The transaction commits, and for a moment the system is in an awkward state. The record now holds the new facts, but the graph the analyst actually queries is a separate store, and it has not been rebuilt yet. The record is ahead of the projection. This window is unavoidable the moment you split a system of record from a derived view, and the only real choice is whether to hide it or name it.

I chose to name it. The manifest's status walks through an explicit sequence: the record is committed, the projection is marked pending, the rebuild runs, and only then is the batch marked complete. The pending state is a real, observable thing, not an implied gap between two lines of code. This is the transactional outbox pattern in spirit: commit to the authoritative store, record that a downstream propagation is owed, and carry it out as a tracked step rather than a hopeful side effect. Naming the gap does not close it, and it is not meant to. It converts an eventual-consistency window from a silent risk into a property you can monitor, alert on, and reason about.

What is actually mine to claim

Walk back through the crossing and almost every primitive has a citation. The enriched manifest is an annotation pipeline. The ordered agents over a shared workspace are a blackboard. The matching cascade is record linkage and the merge flattening is union-find. The one privileged writer is the single-writer principle wearing the dependency rule. The named pending state is an outbox. I did not invent any of these, and pretending otherwise would be both false and unnecessary.

What I will stand behind is the assembly and what it is assembled for. The contribution is a trust boundary for machine-generated facts: treat a model's output as a proposal with no standing, route it through a gate that is empowered to refuse it, and grant exactly one component the authority to admit what survives, with the whole crossing legible to a single operator. Plenty of LLM pipelines write model output directly into their store because each step looked reasonable on its own.
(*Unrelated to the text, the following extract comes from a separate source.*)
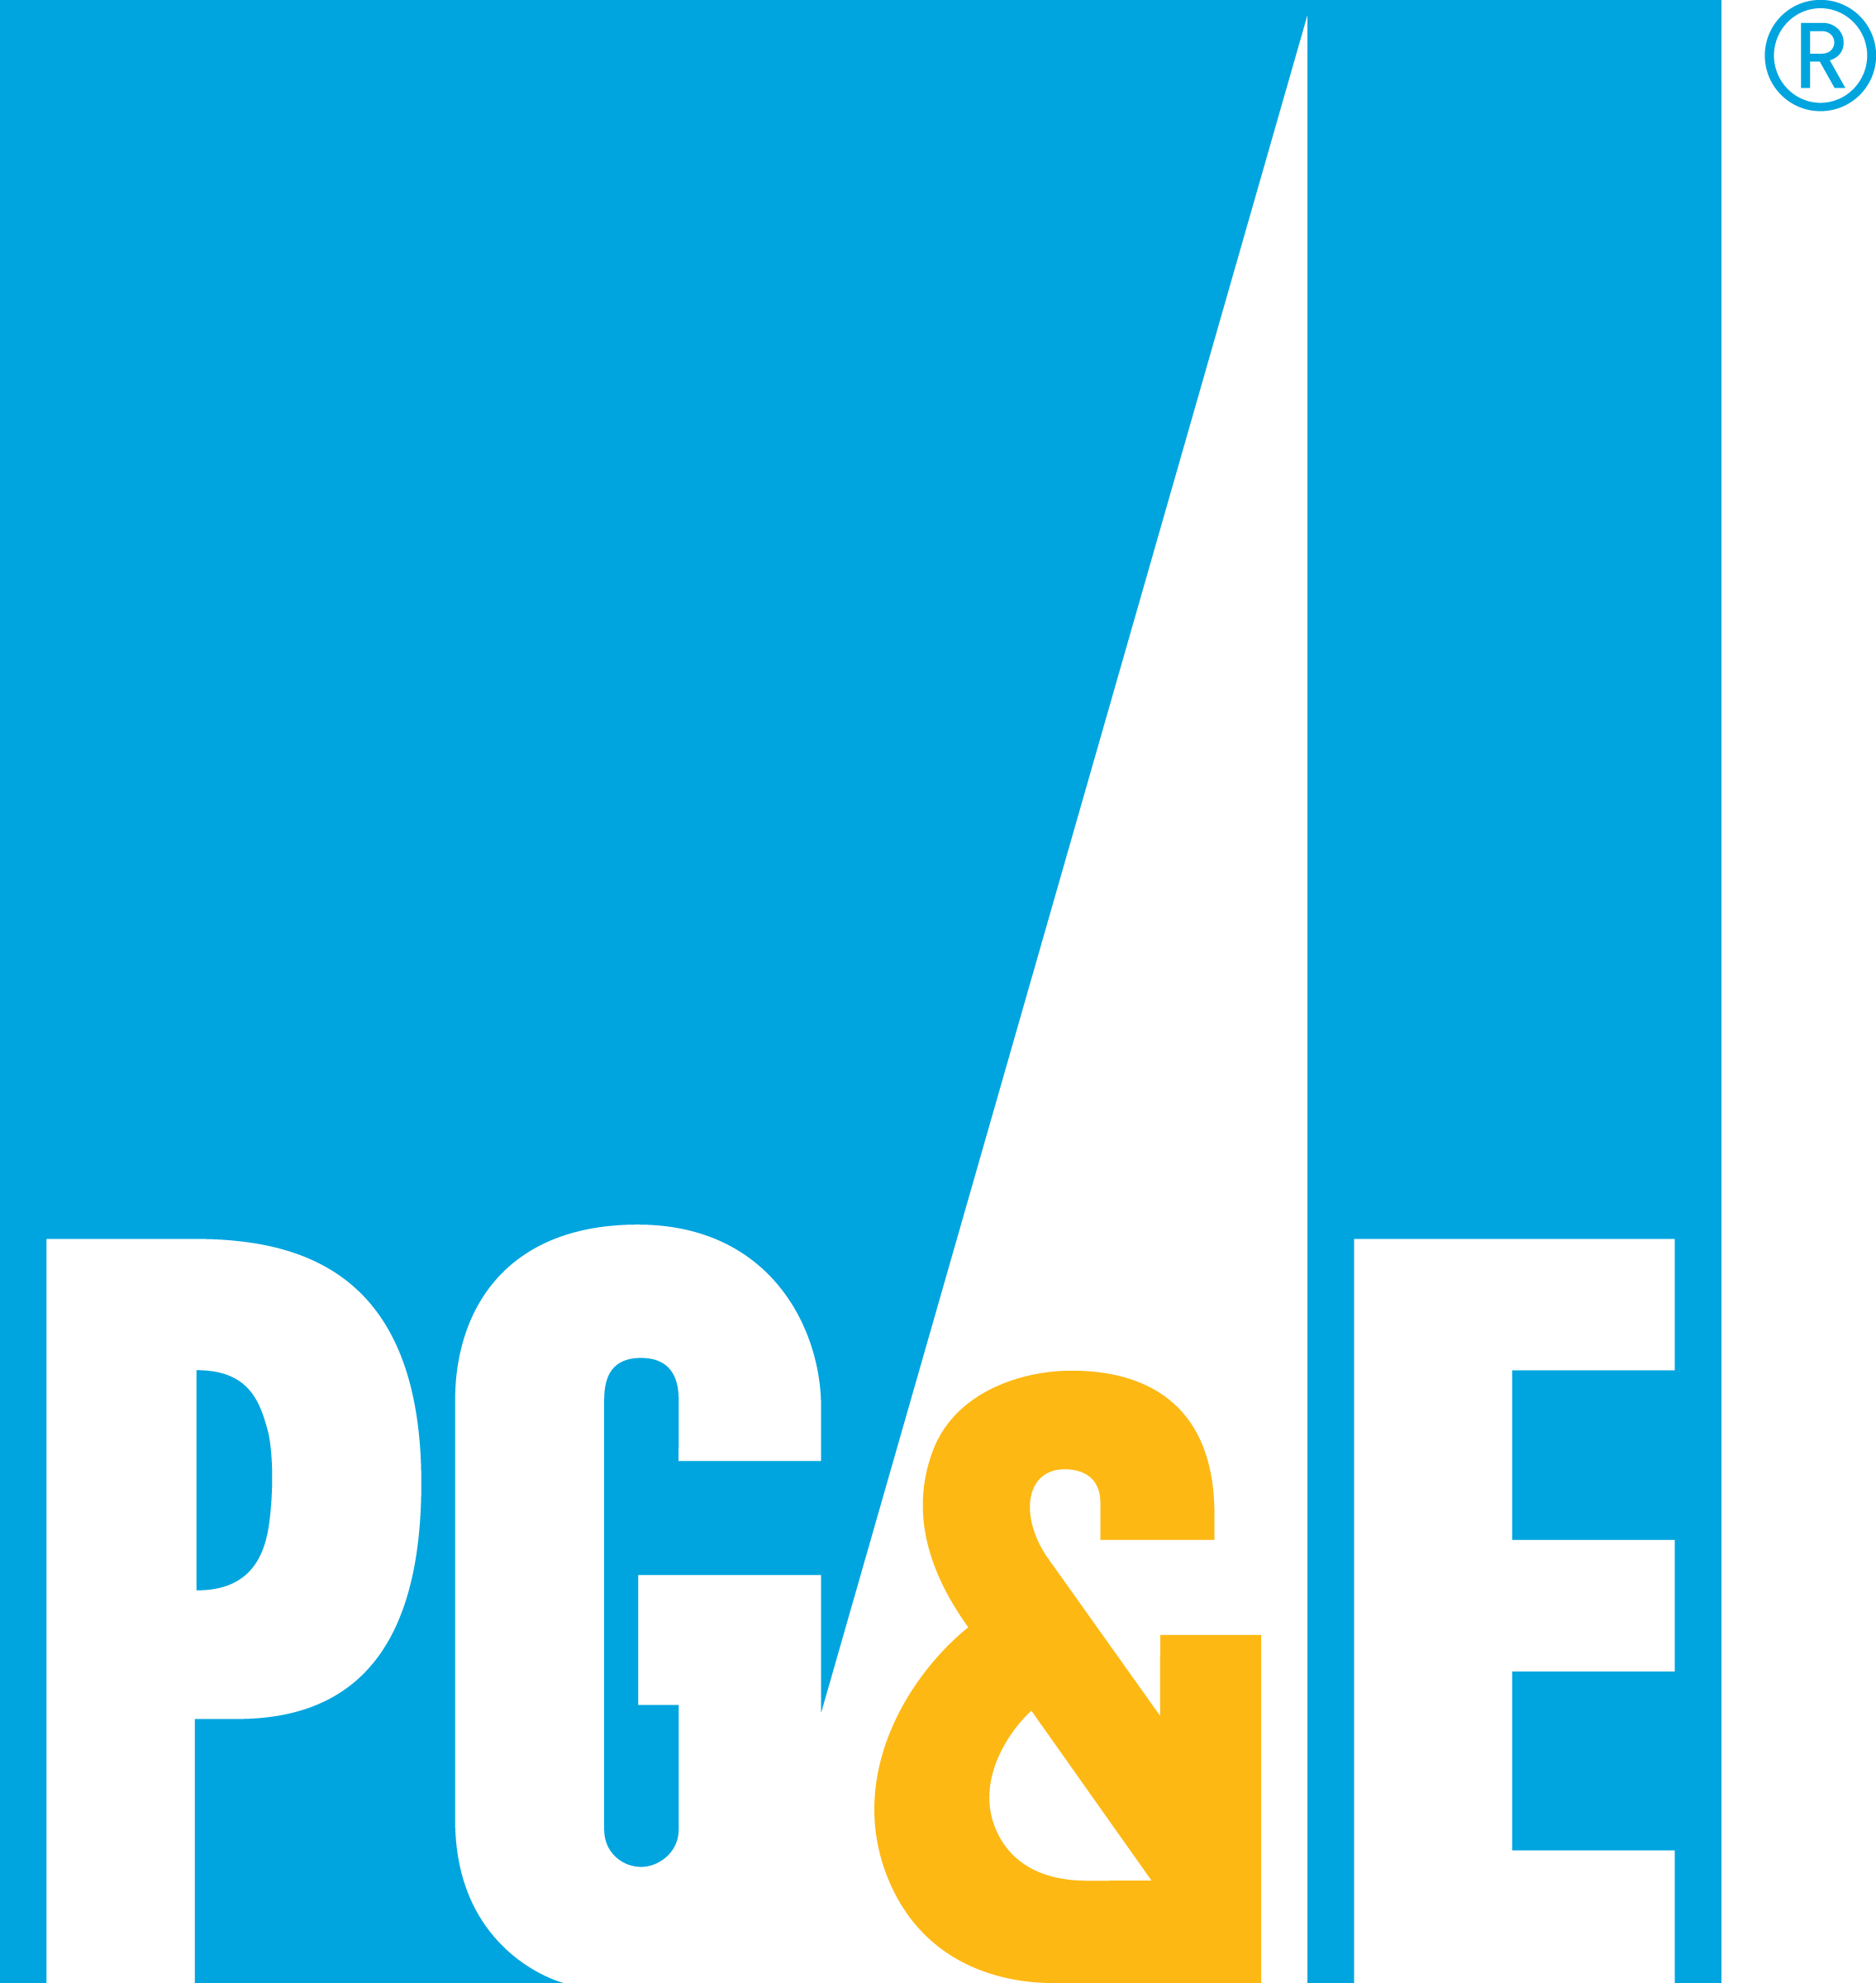 pge_reg_logo.png

Drawing one hard line between proposal and record, and putting a single writer on the far side of it, is the move most of them skip, and it is the move that determines whether you can ever answer for what your system believes.

That boundary will only get more important. As extraction models improve, their proposals will look more and more like finished facts, and the temptation to let them write directly will grow in exact proportion to how convincing they become. The bet embedded in this design is that the boundary matters most precisely when the proposals are good enough to wave through on reflex. The question to carry forward is not whether your model is accurate enough to trust. It is whether, the day it is wrong, you can point to the one place where the wrong thing was admitted, and say who let it in.


This describes a general pattern for committing LLM-extracted entities into a versioned graph store; implementation specifics are illustrative.